Burnout is a growing problem. In fact, burnout is the #1 reason for employee absenteeism and attrition. We try to bolster employee morale through engagement, but by the time burnout occurs, engagement can be too little and too late. In essence, the disengagement is only a symptom of the greater issue – stress that is unmanageable.

Leadership also feels the same burn of burnout as their teams. As a CEO, I experienced burnout firsthand at about ten years into my first business.

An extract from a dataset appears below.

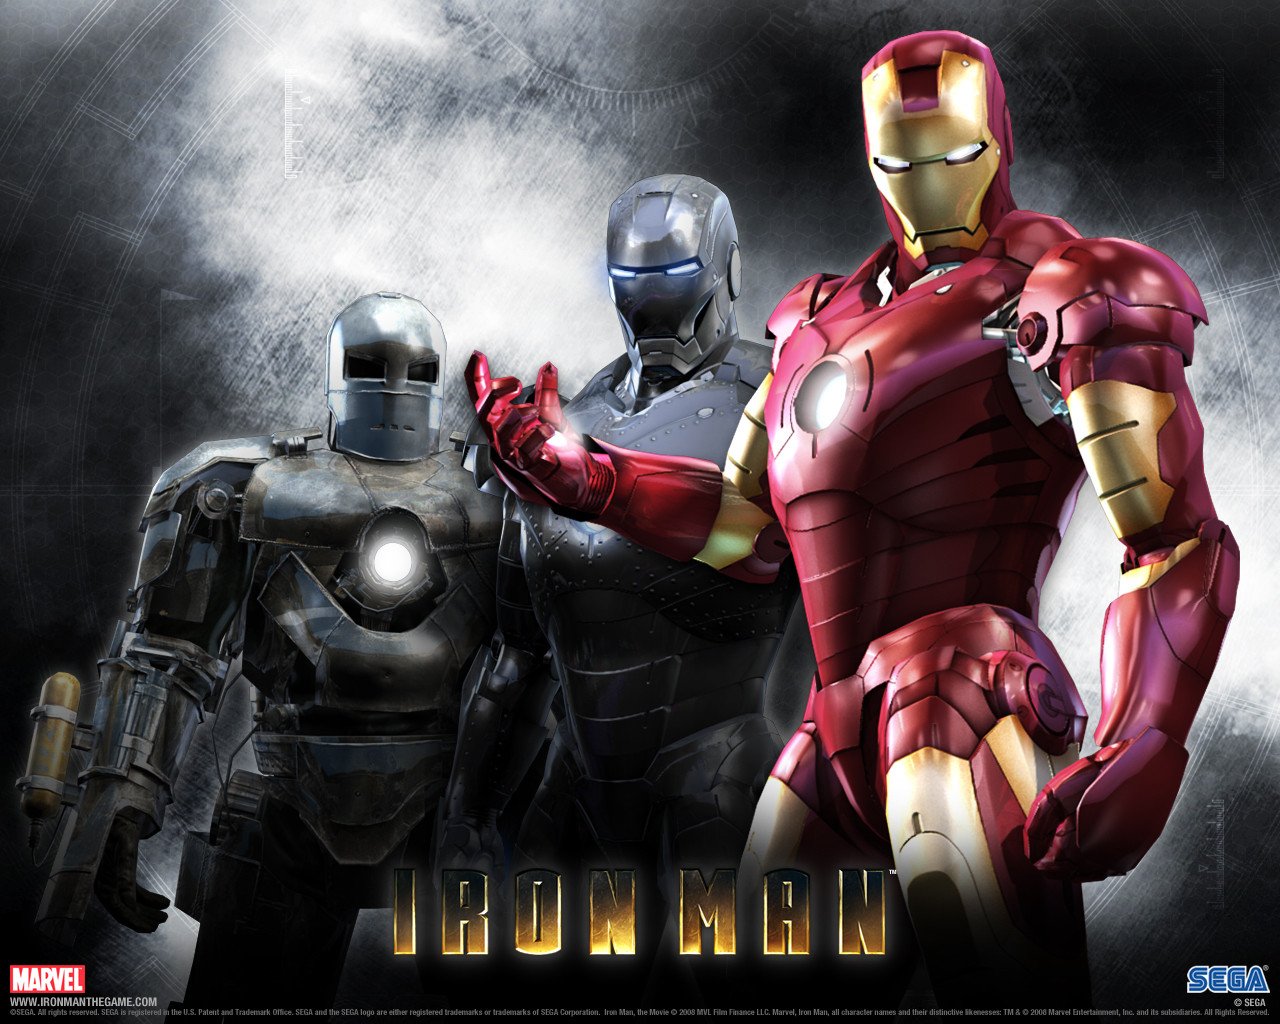  Iron Suit Advance   Iron Man Wallpaper Iron Suit Advance Wallpaper

I caught myself regularly entertaining fantasies of taking on a “low stress job” and checking out. I gained weight and lost sleep. My relationships and my immune system suffered. My adrenal glands were overtaxed, and I was quick to snap. I felt trapped by a substantial income and unsupported at every level.

A number of my corporate executive clients also mention symptoms of burnout onset to me regularly, sometimes without fully realizing where the symptoms can lead. Of course, burnout certainly isn’t limited to enterprise scale organizations. Arianna Huffington, founder of the Huffington Post, is very open about her personal burnout several years ago that led to a physical collapse. I have known meeting professionals who run their own micro-businesses to have heart attacks in their hotel rooms during a conference.

Leaders you might think are immune because of their passion and purpose, such as ministers and non-profit executives also drop out, frustrated and exhausted. Then there is the small business owner who tries valiantly for a year or two to push through in their new venture, and then returns to working for someone else, utterly overwhelmed, fed up and depleted.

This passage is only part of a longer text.